_What you should do_
Word for word, retype the lines from the one containing "Комплект блогера LINCO" to the one containing "품번을 어디에서 찾을 수 있습니까 Dometic" below, keeping both end lines and dropping the pictures.

Segment Start: Data records

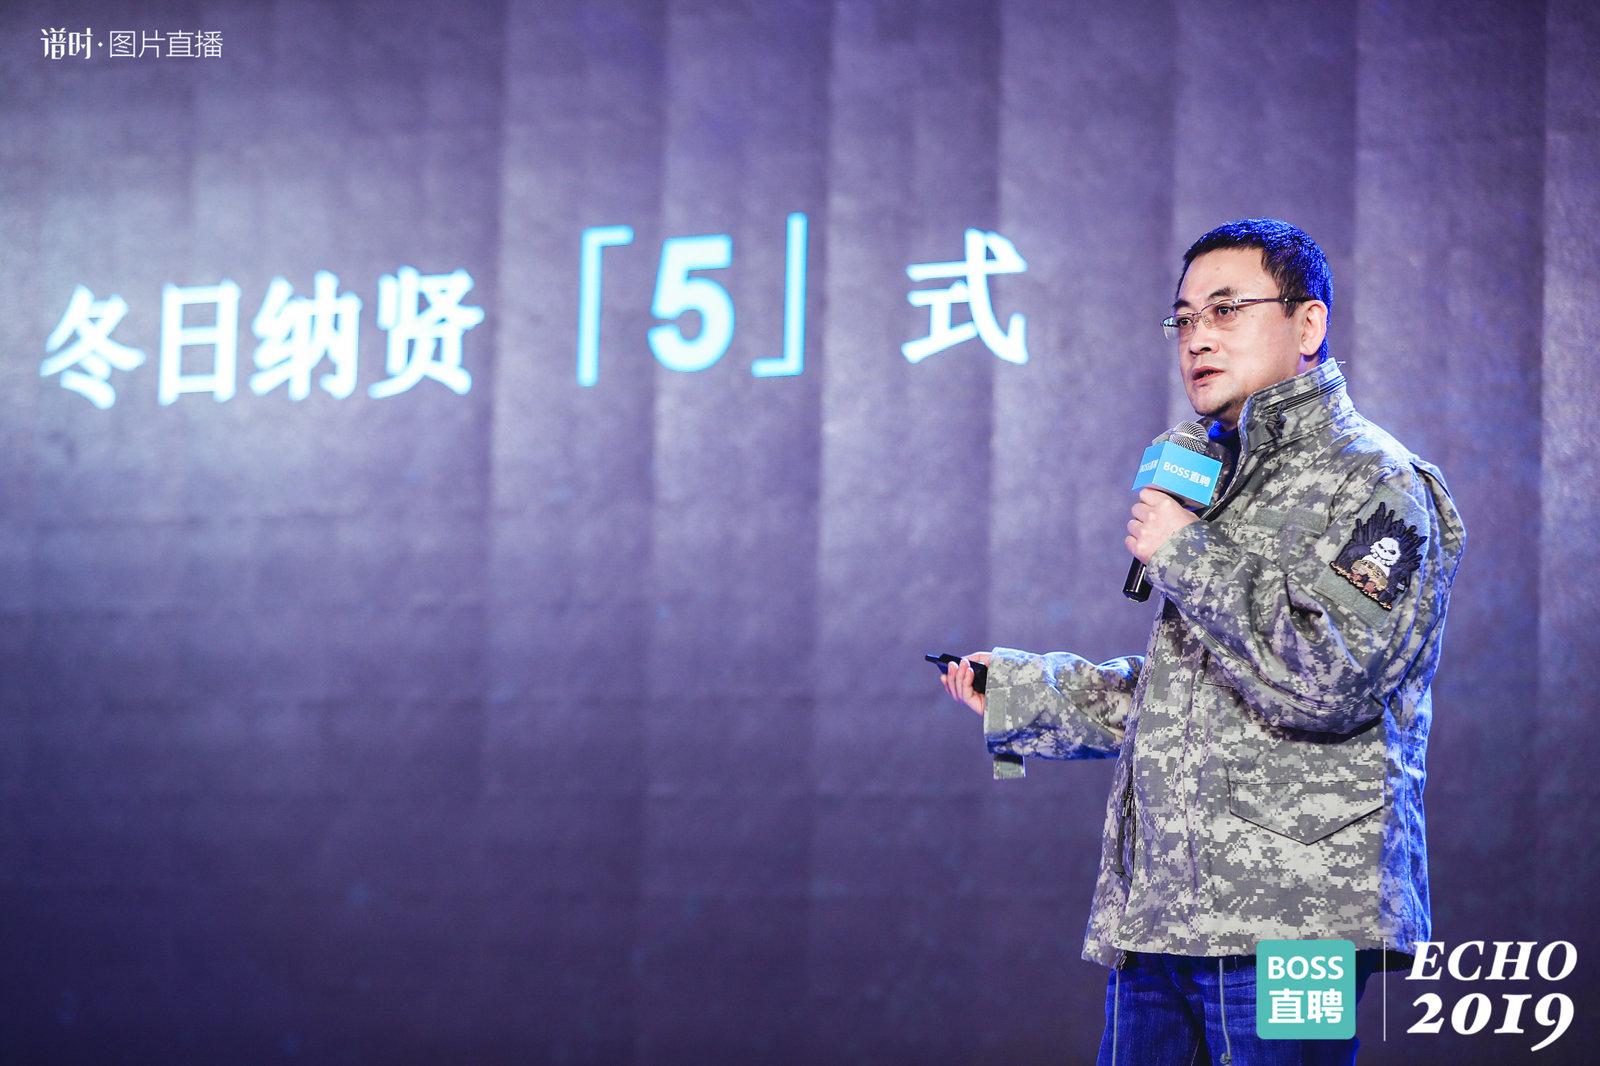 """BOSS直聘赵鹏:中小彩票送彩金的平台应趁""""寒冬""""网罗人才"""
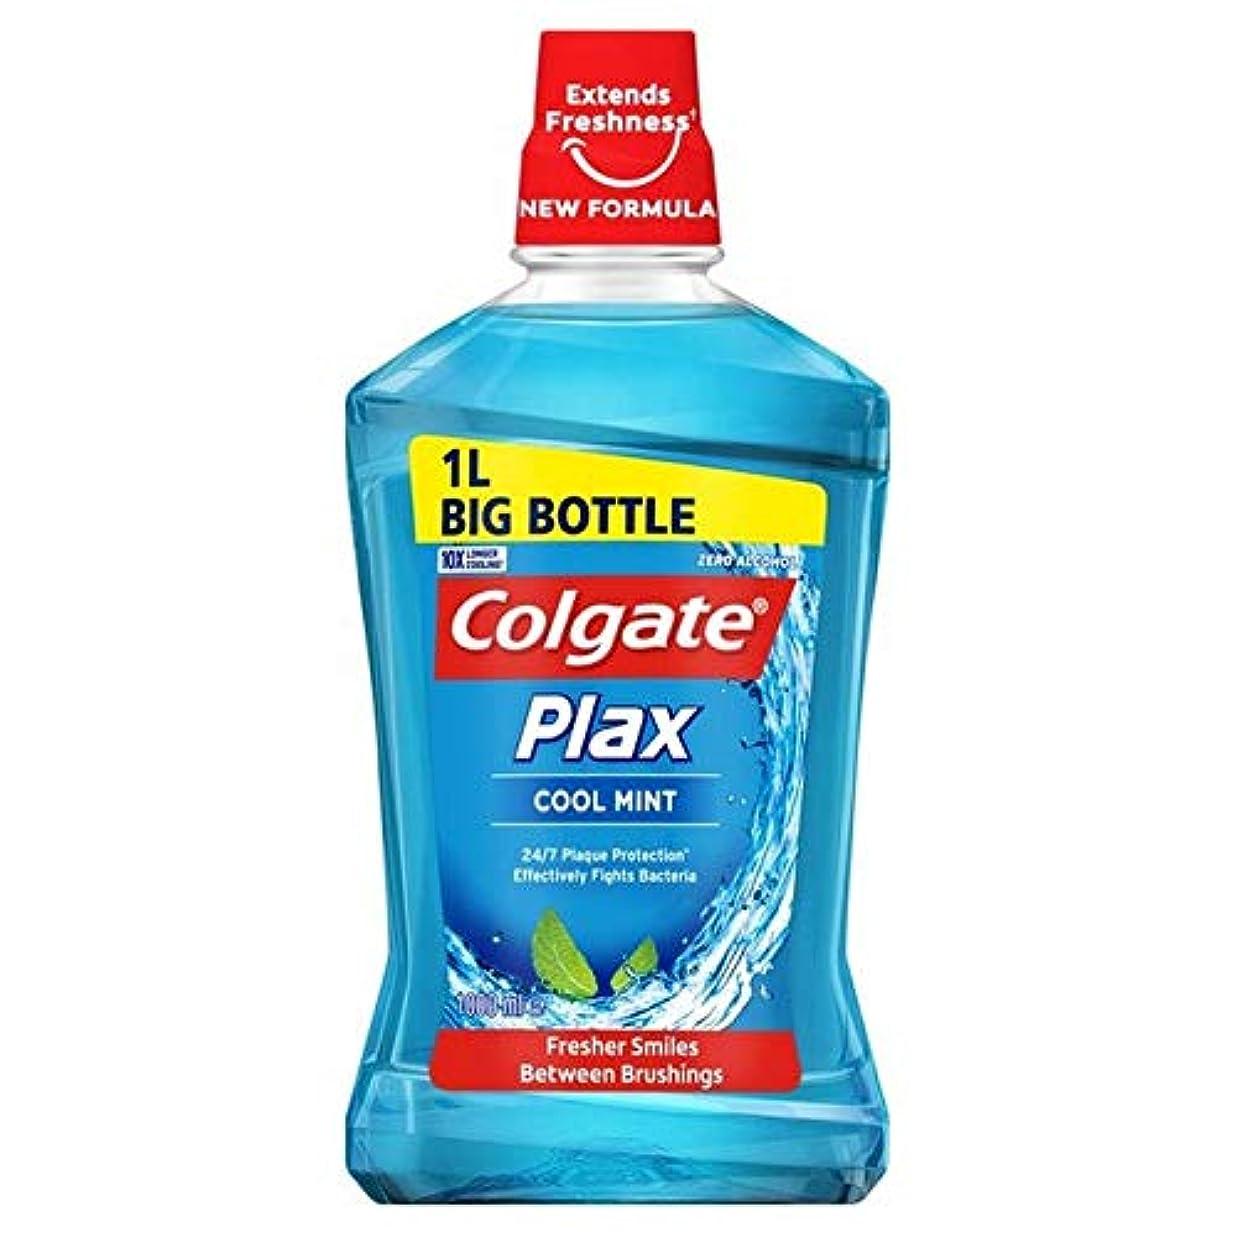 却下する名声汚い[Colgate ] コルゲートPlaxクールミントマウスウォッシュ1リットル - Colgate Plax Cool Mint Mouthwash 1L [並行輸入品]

Segment End: Data records
Segment Start: Data records

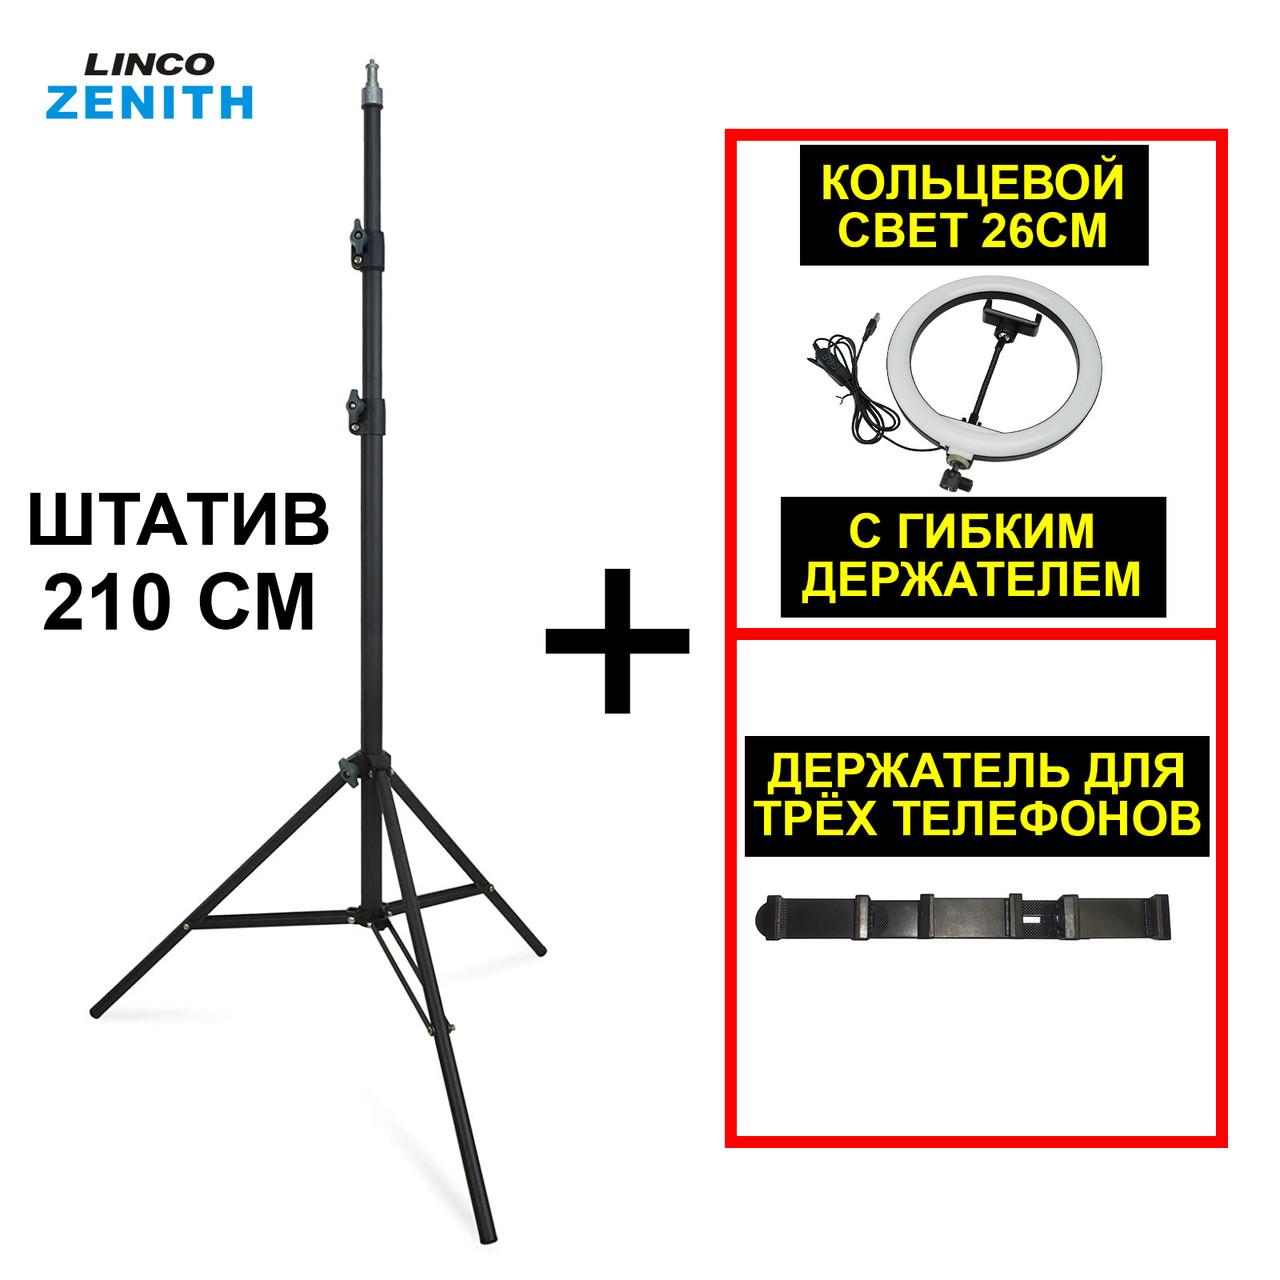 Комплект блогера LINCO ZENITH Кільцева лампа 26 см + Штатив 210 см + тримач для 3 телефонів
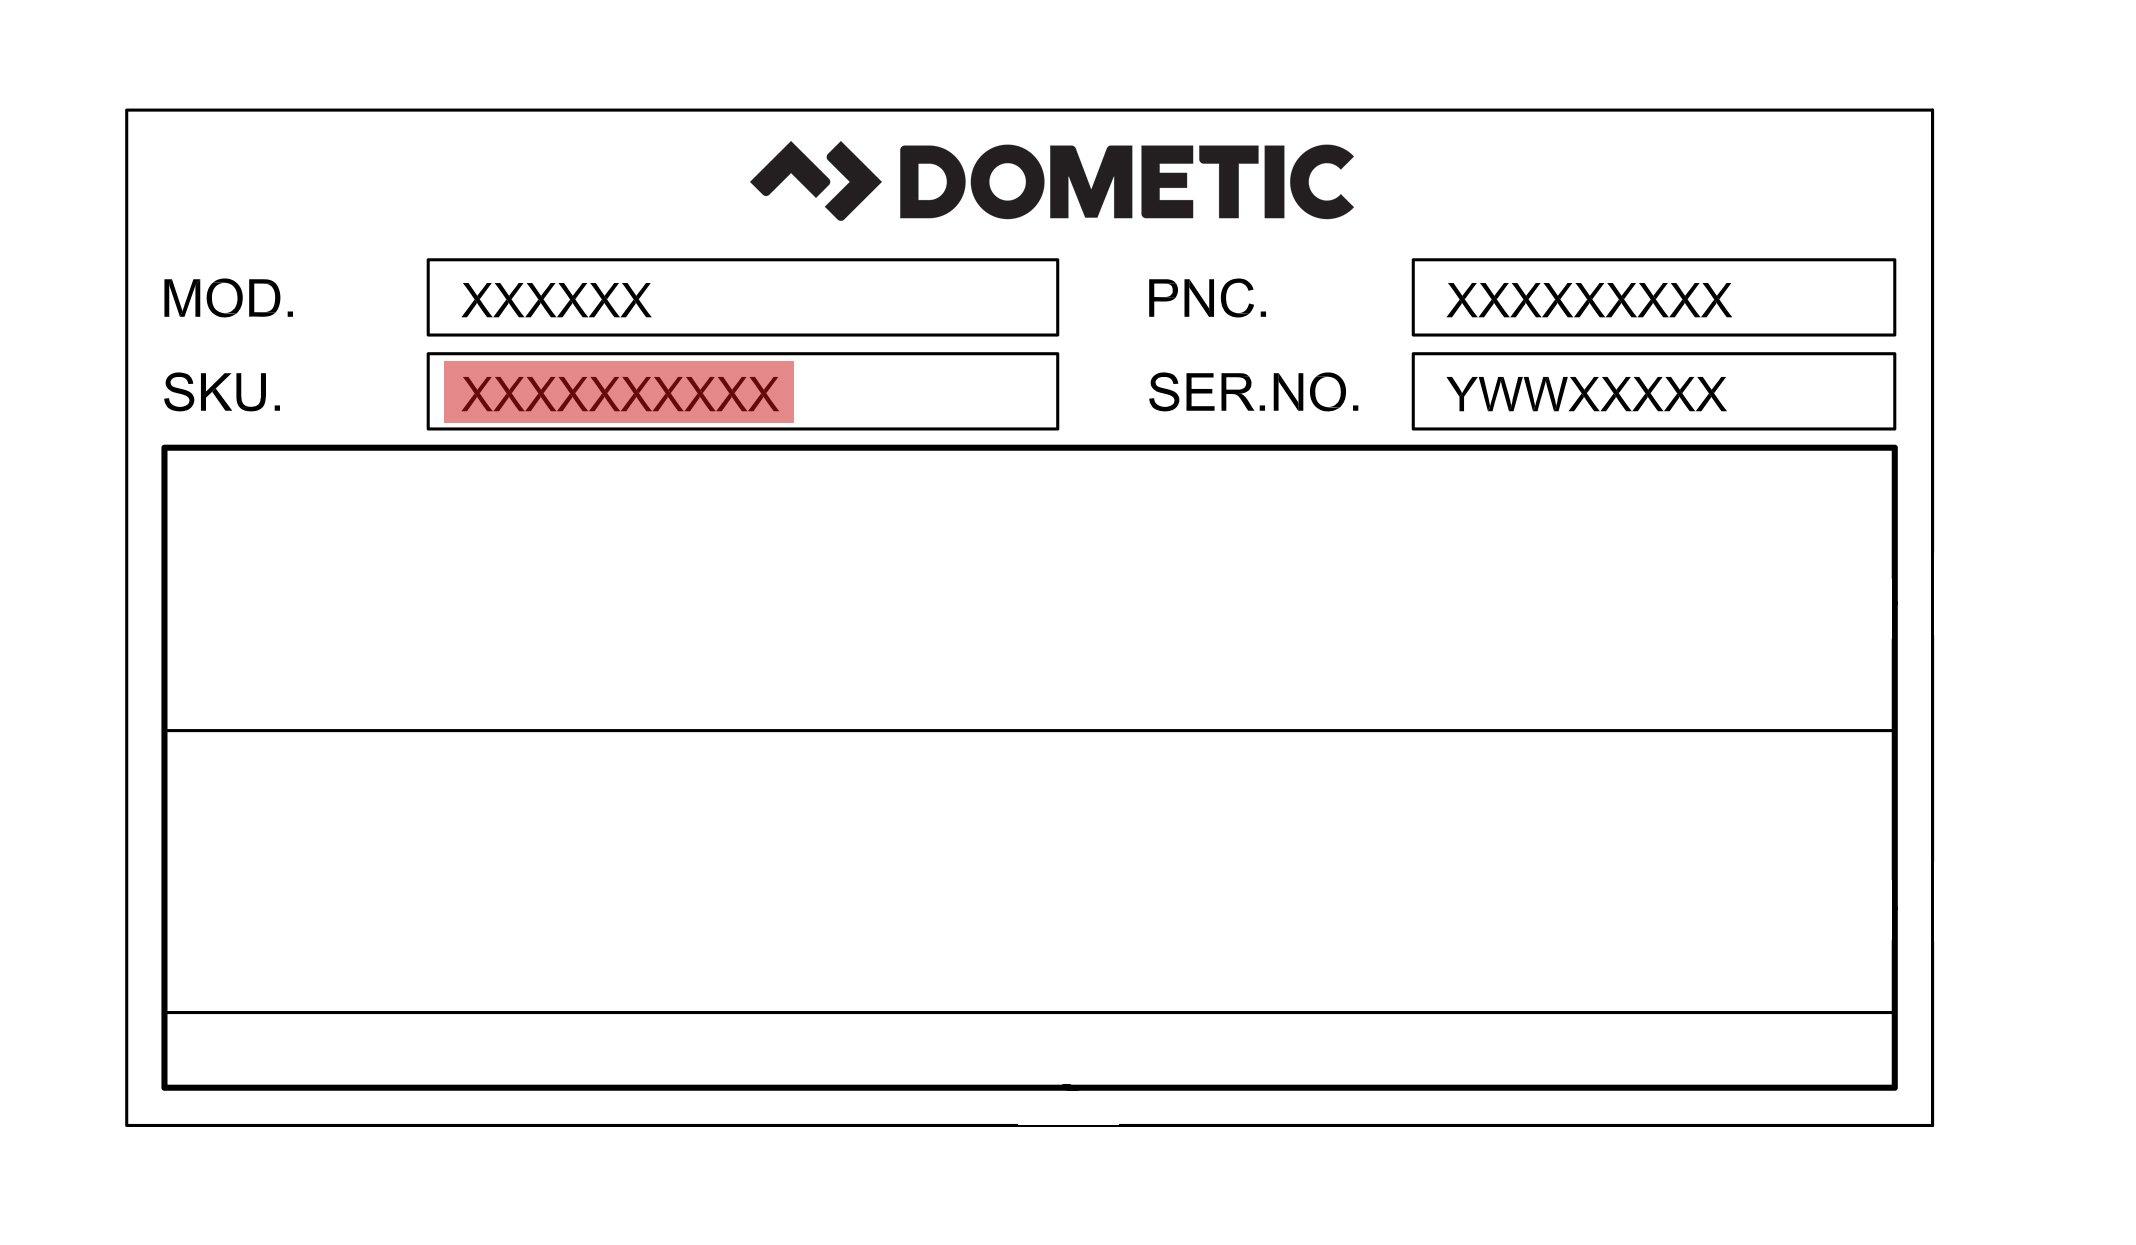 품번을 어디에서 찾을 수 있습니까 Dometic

Segment End: Data records
Segment Start: Data records

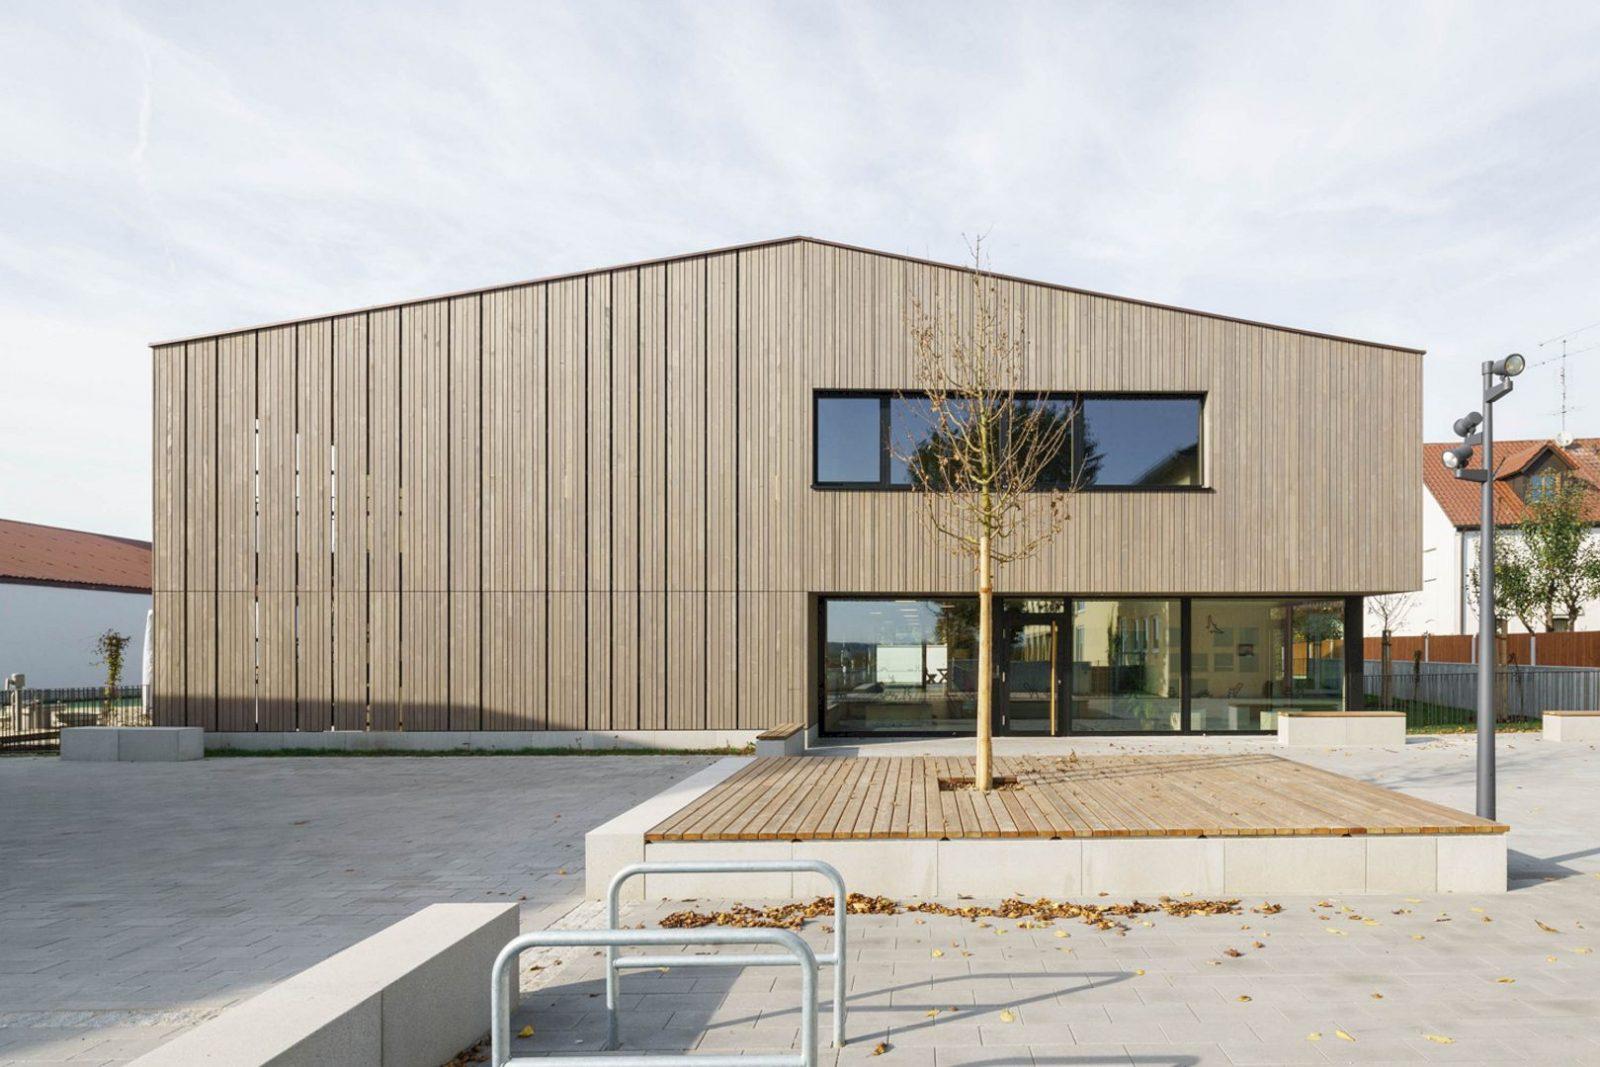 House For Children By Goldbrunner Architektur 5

Segment End: Data records

_Final answer_
 Комплект блогера LINCO ZENITH Кільцева лампа 26 см + Штатив 210 см + тримач для 3 телефонів
 품번을 어디에서 찾을 수 있습니까 Dometic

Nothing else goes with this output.